このあたりも勘違いされやすいので、後日記事にしようと思う。

よって、なんであれ「やらないよりいい」とばかりに、おかしなことをしようとしている人に対しては、対案も何も用意せずに、それはダメだと非難するのは至って正しい主張である。

悪手を指すくらいなら、一手パスした方がましだ。将棋と違って、必ず何かをしなければならないルールなどないのだから。

対案の出し方


しかしながら、では、対案に価値はないのかと言えば、そんなことはない。あった方がいい。そんなものは当たり前だ。

が、人々は対案の出し方はあまり心得ていないようだ。特に、お互いが敵対的関係にある際の対案の出し方を、かなり誤解しているように見える。

対案などと言うのは、出そうと思えばすぐに出せる。出したがるかどうかはともかくとして、ただ対案と呼べるものを出しさえすればいいなら簡単だ。

たとえば先の例に従って、難病の患者に水銀を飲ませようとしている人に対案を求められたなら、至って当たり前のことを言えばいい。
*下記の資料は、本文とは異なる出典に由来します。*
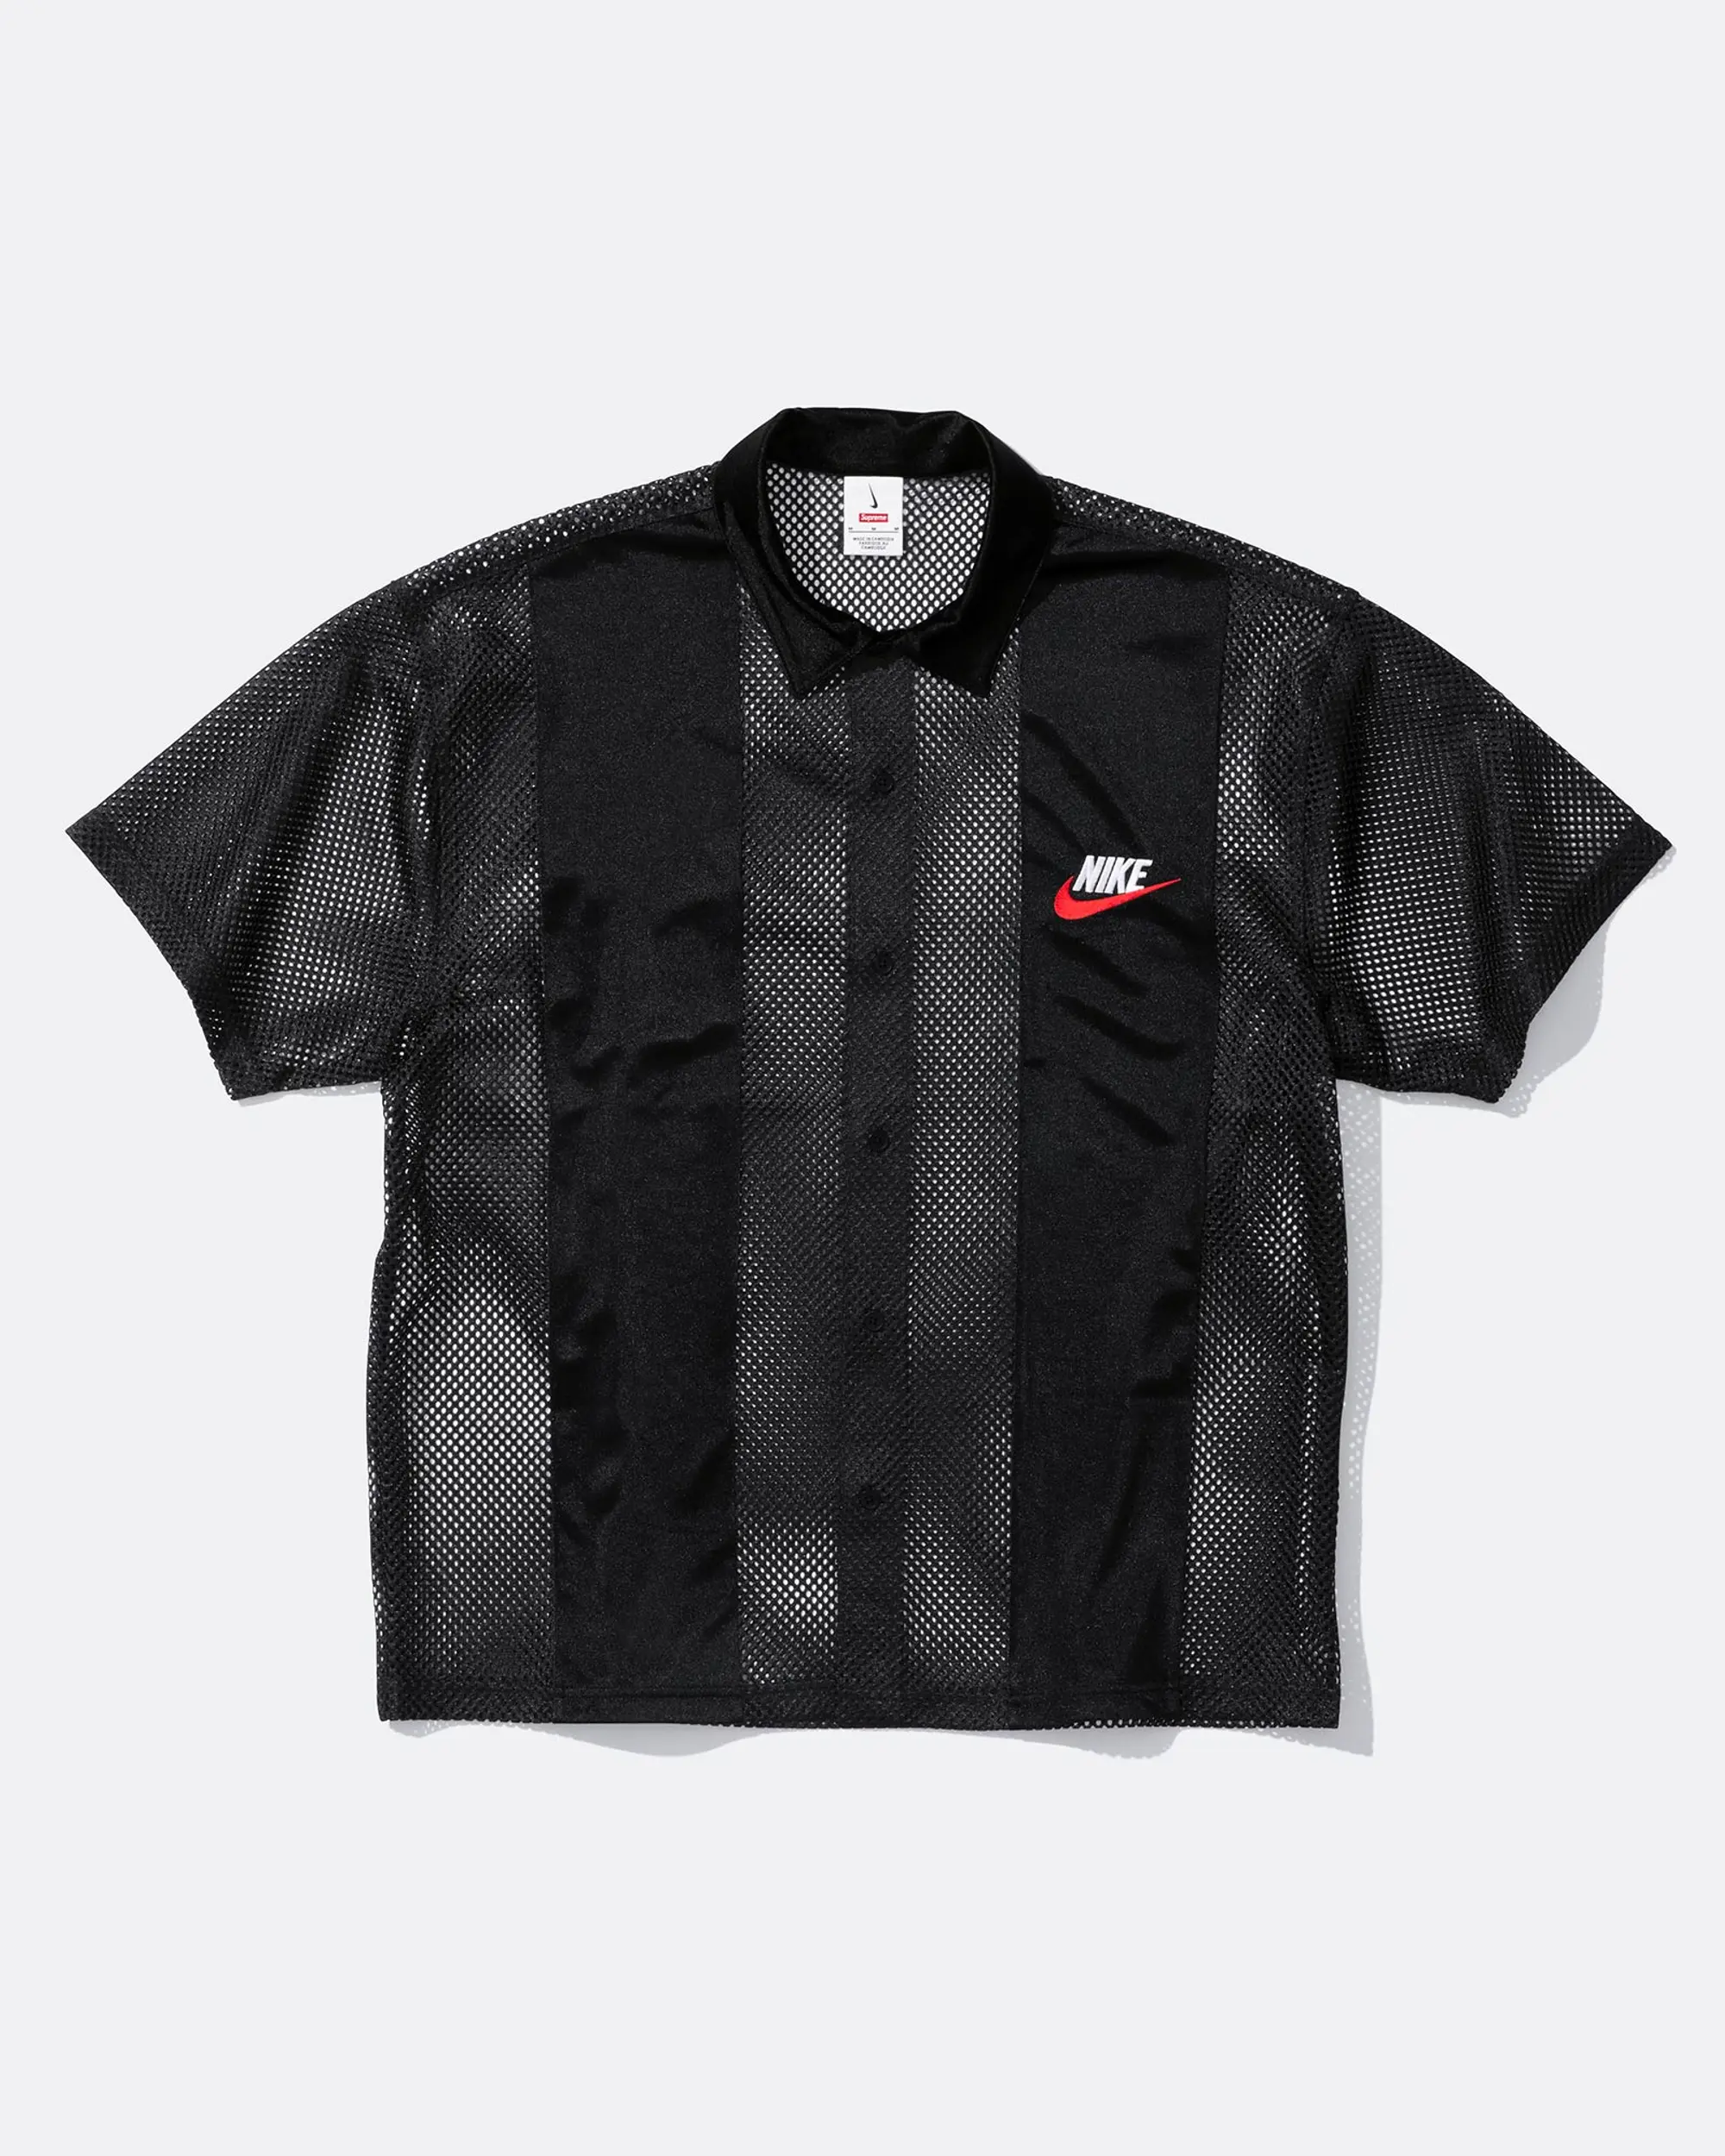 Supreme Supreme®/Nike® Mesh S/S Shirt

「患者の生体機能を維持したまま、この難病の研究を続けて、治療法を開発する」

これも対案だ。ただし、クレームはつく。

「いつになったら開発が完了するんだ。それまで患者は生きていられるのか。水銀を飲めばすぐに治るかもしれないんだぞ。今すぐに患者を治療できる対案を出せ」

とかなんとか、そんなことを言われるだろう。だが、相手にする必要はない。

「今すぐに患者を治療できる対案、などという条件をつけられる謂われはない。私はこの患者をどう扱うべきかについての対案は示した。おまえの求める条件など知らん」

これでいい。

対案というのは、その事態に対して自分ならどう向き合うのか、という意見でありさえすればいい。いちいち、相手の主張とすりあわせ、相手も納得してくれそうな形に調整してやる義理はない。

まして、このような対立的な主張なら、こちらが絶対に受け入れられないような案を出しているのは相手方も一緒なのだから。どうしてこっちだけ、相手に納得してもらえるように調整しなければならないのだろうか?

自分にも納得できる対案を出せと要求するなら、おまえも俺様が納得できる提案をしろ、ということになる。先に案を出した側は調整の義務がなく、後から対案を出す場合だけ相手の都合も考えないといけないなんて、それじゃただの先出し有利原則じゃないか。

とはいえもちろん、民主主義社会においては、他者からの賛同、支持というものは不可欠だ。多くの人に賛同されるような案を出す方が望ましいことは間違いない。

だからそのあたりも調整して案を練るというのは至って普通であり当然である。ただしそれは、案というもの一般がそうなのであって、対案にだけ求められる要件ではない。これを勘違いしてはいけない。